**Data segment:**
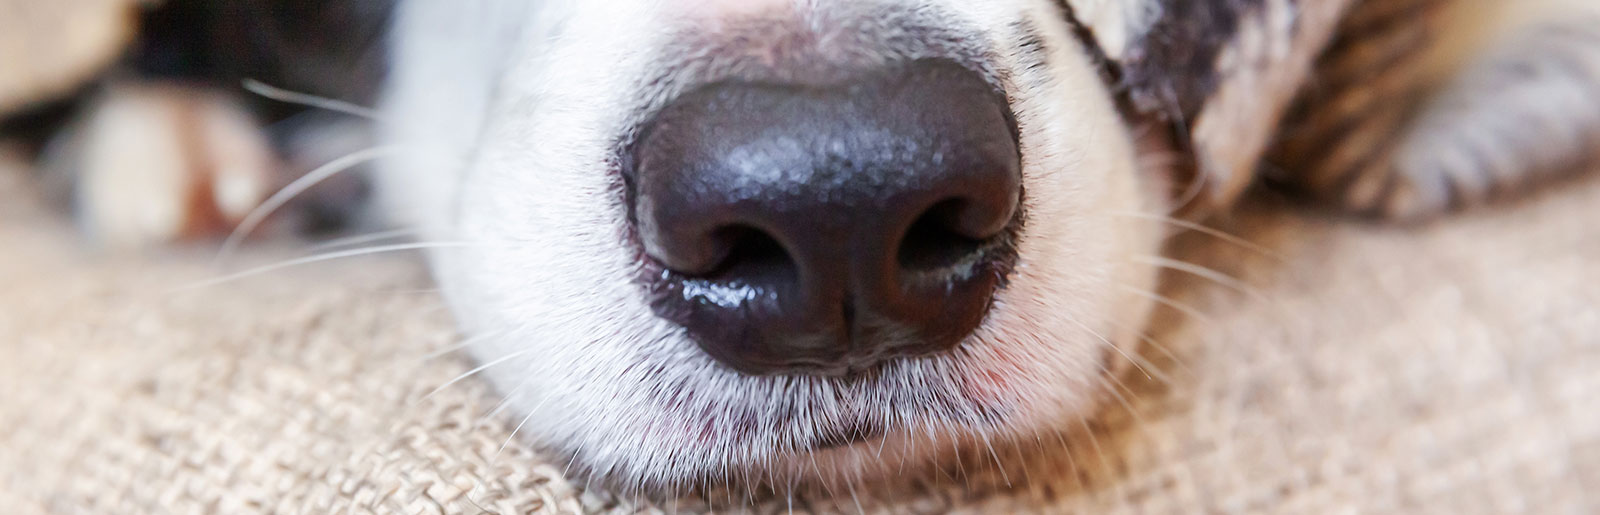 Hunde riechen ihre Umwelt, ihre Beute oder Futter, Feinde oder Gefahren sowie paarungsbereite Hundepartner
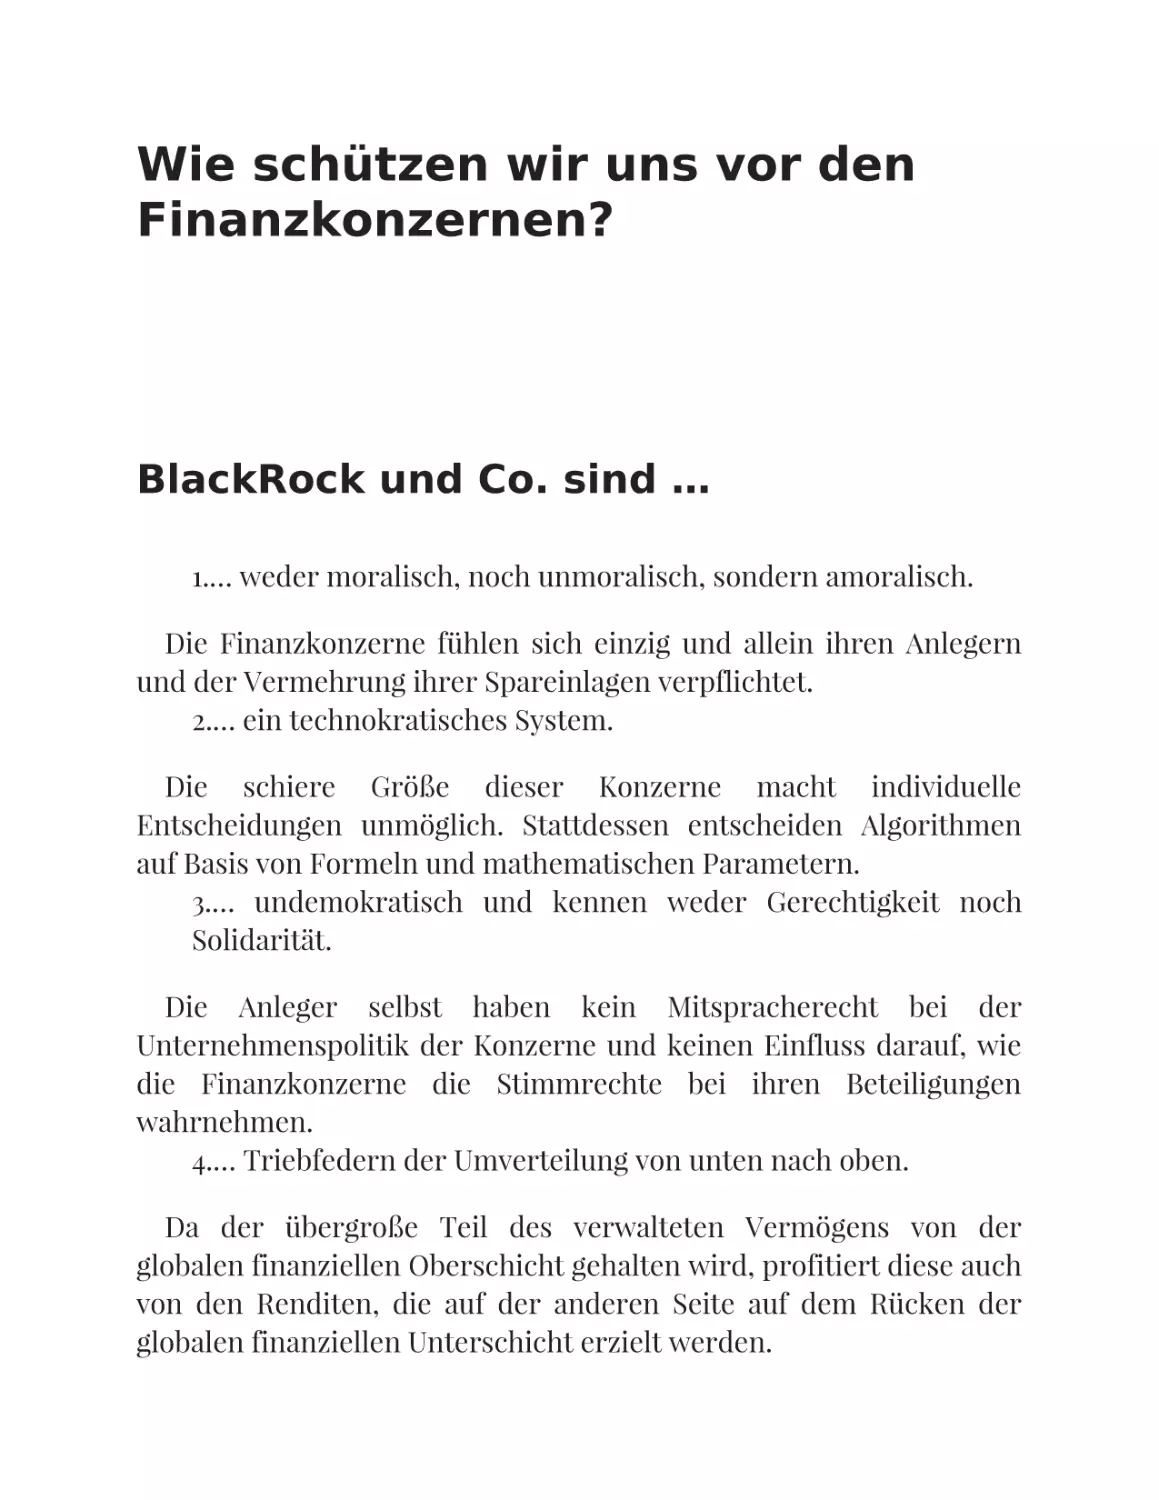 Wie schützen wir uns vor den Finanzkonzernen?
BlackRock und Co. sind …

**Exercise directions:** The lines to copy run from the one with "Wie schützen wir" through the end of the material. Write them out exactly, leaving out the pictures.

**Solved exercise:**
 Wie schützen wir uns vor den Finanzkonzernen?
BlackRock und Co. sind …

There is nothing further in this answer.